BACKGROUND: Most antibiotic prescribing for upper respiratory tract infections (URTIs) and acute bronchitis is inappropriate. Substantive and sustained reductions in prescribing are needed to reduce antibiotic resistance. Prescribing habits develop early in clinicians' careers. Hence, general practice (GP) trainees are an important group to target. OBJECTIVES: We aimed to establish temporal trends in antibiotic prescribing for URTIs and acute bronchitis/bronchiolitis by Australian GP trainees (registrars). METHODS: A longitudinal analysis, 2010-2019, of the Registrars Clinical Encounters in Training (ReCEnT) dataset. In ReCEnT, registrars record clinical and educational content of 60 consecutive consultations, on 3 occasions, 6 monthly. Analyses were of new diagnoses of URTI and acute bronchitis/bronchiolitis, with the outcome variable a systemic antibiotic being prescribed. The independent variable of interest was year of prescribing (modelled as a continuous variable). RESULTS: 28,372 diagnoses of URTI and 5,289 diagnoses of acute bronchitis/bronchiolitis were recorded by 2,839 registrars. Antibiotic prescribing for URTI decreased from 24% in 2010 to 12% in 2019. Prescribing for acute bronchitis/bronchiolitis decreased from 84% to 72%. "Year" was significantly, negatively associated with antibiotic prescribing for both URTI (odds ratio [OR] 0.90; 95% confidence interval [CI]: 0.88-0.93) and acute bronchitis/bronchiolitis (OR 0.92; 95% CI: 0.88-0.96) on multivariable analysis, with estimates representing the mean annual change. CONCLUSIONS: GP registrars' prescribing for URTI and acute bronchitis/bronchiolitis declined over the 10-year period. Prescribing for acute bronchitis/bronchiolitis, however, remains higher than recommended benchmarks.
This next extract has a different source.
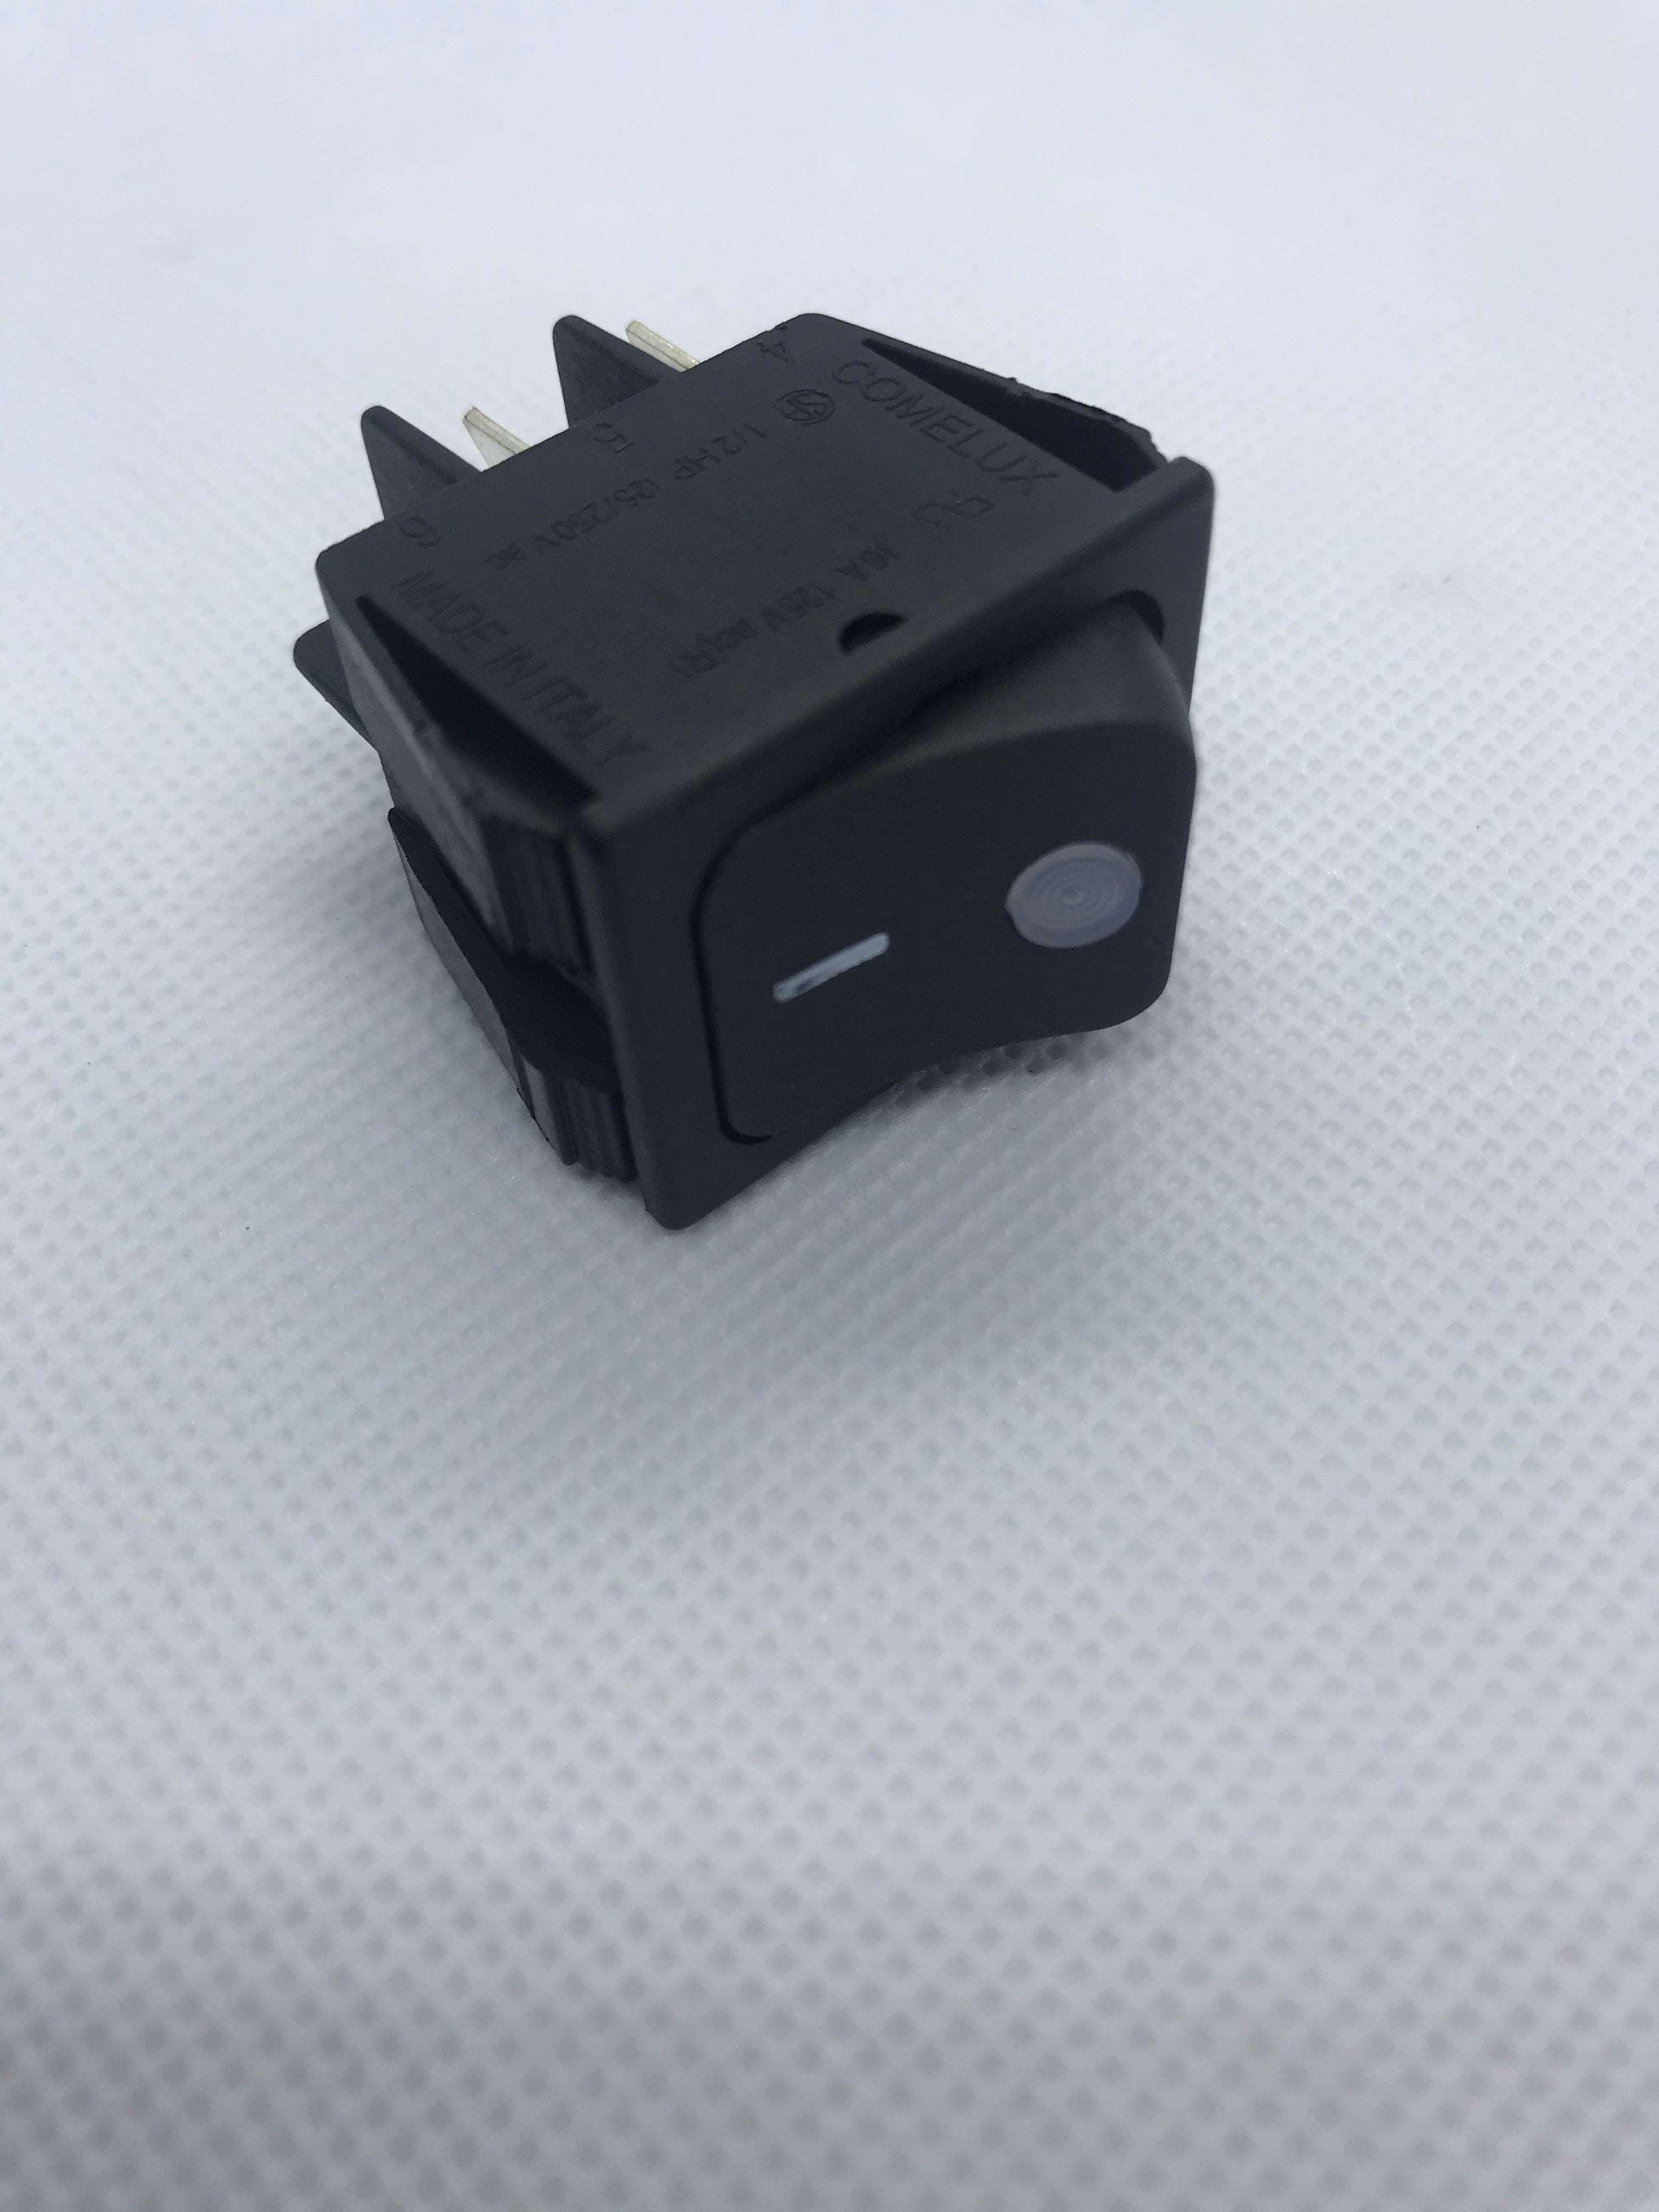 RMOR040  Black switch for P120E, P110G

Continued education and programme-level antibiotic stewardship interventions are required to further reduce registrars' antibiotic prescribing for acute bronchitis/bronchiolitis to appropriate levels.
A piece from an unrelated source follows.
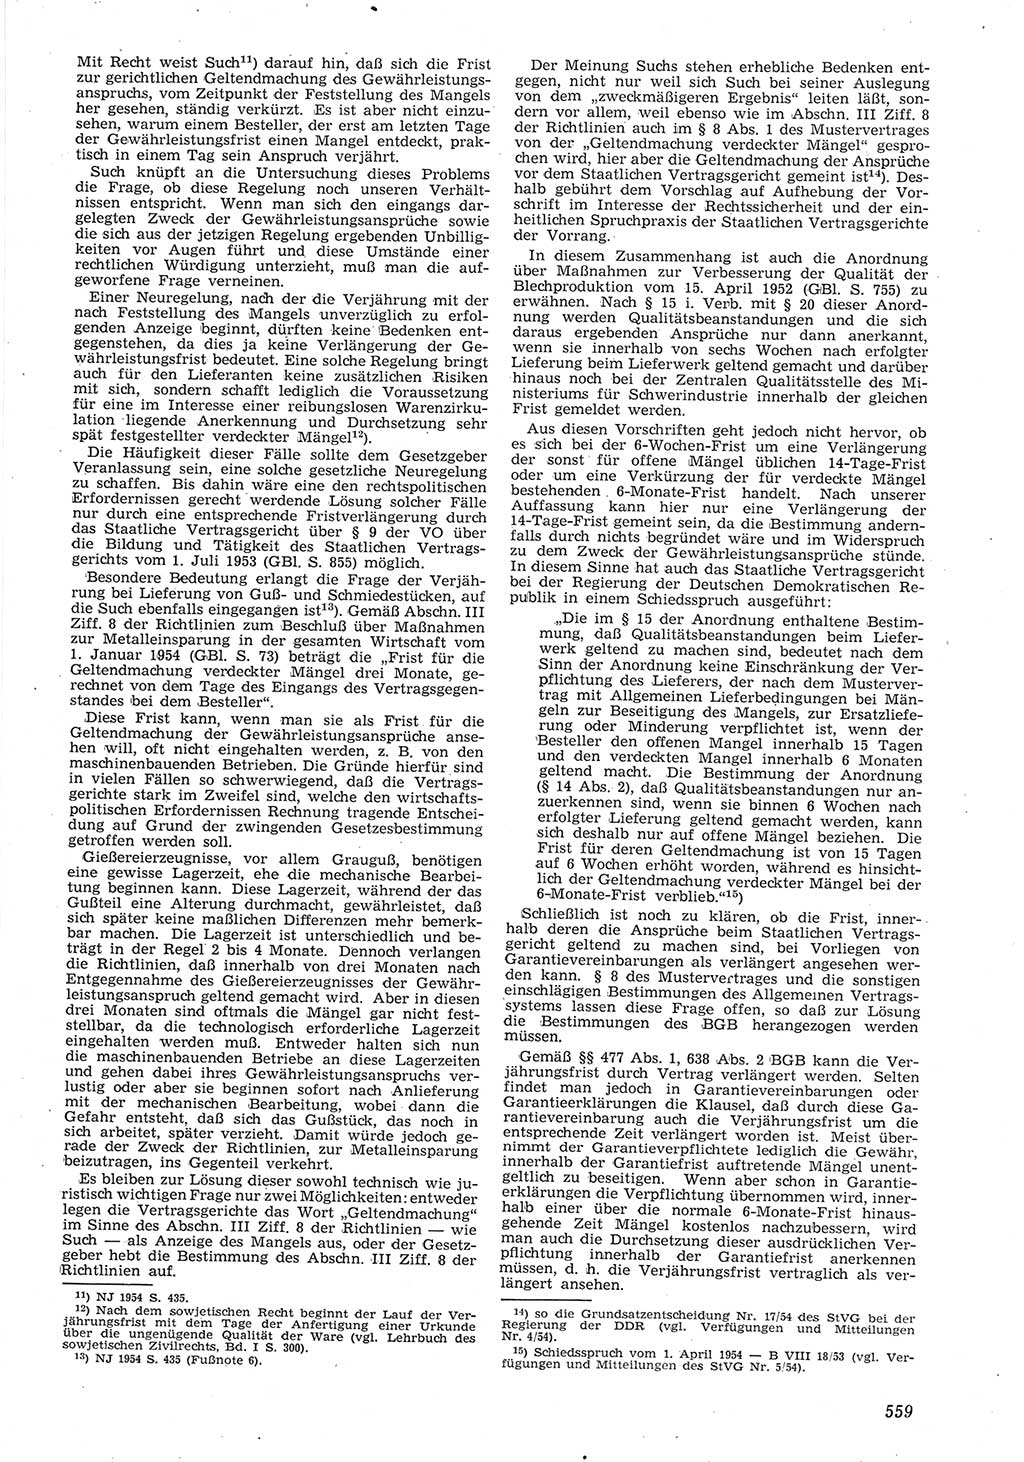 Neue Justiz (NJ), Zeitschrift für Recht und Rechtswissenschaft [Deutsche Demokratische Republik (DDR)], 8. Jahrgang 1954, Seite 559 (NJ DDR 1954, S. 559)

It is well known that antibiotic consumption can cause antibiotic resistance. Most antibiotic prescribing happens in general practice. The common cold (upper respiratory tract infections) and cough (acute bronchitis) are 2 conditions that antibiotics are often prescribed for, but are not needed. There is considerable evidence that antibiotics do not help these conditions improve, and guidelines in Australia state that they are not a treatment option. General practitioners at the beginning of their career form prescribing habits early on. In light of the problem of antibiotic resistance, it is important to know how new doctors prescribe antibiotics, as they may do this for the rest of their career. We investigated their prescribing for the common cold and cough, from 2010 to 2019. We found that overall their prescribing has been declining over the last 10 years, but prescribing for cough is still too high. There needs to be more interventions in this group of doctors to reduce prescribing for this condition.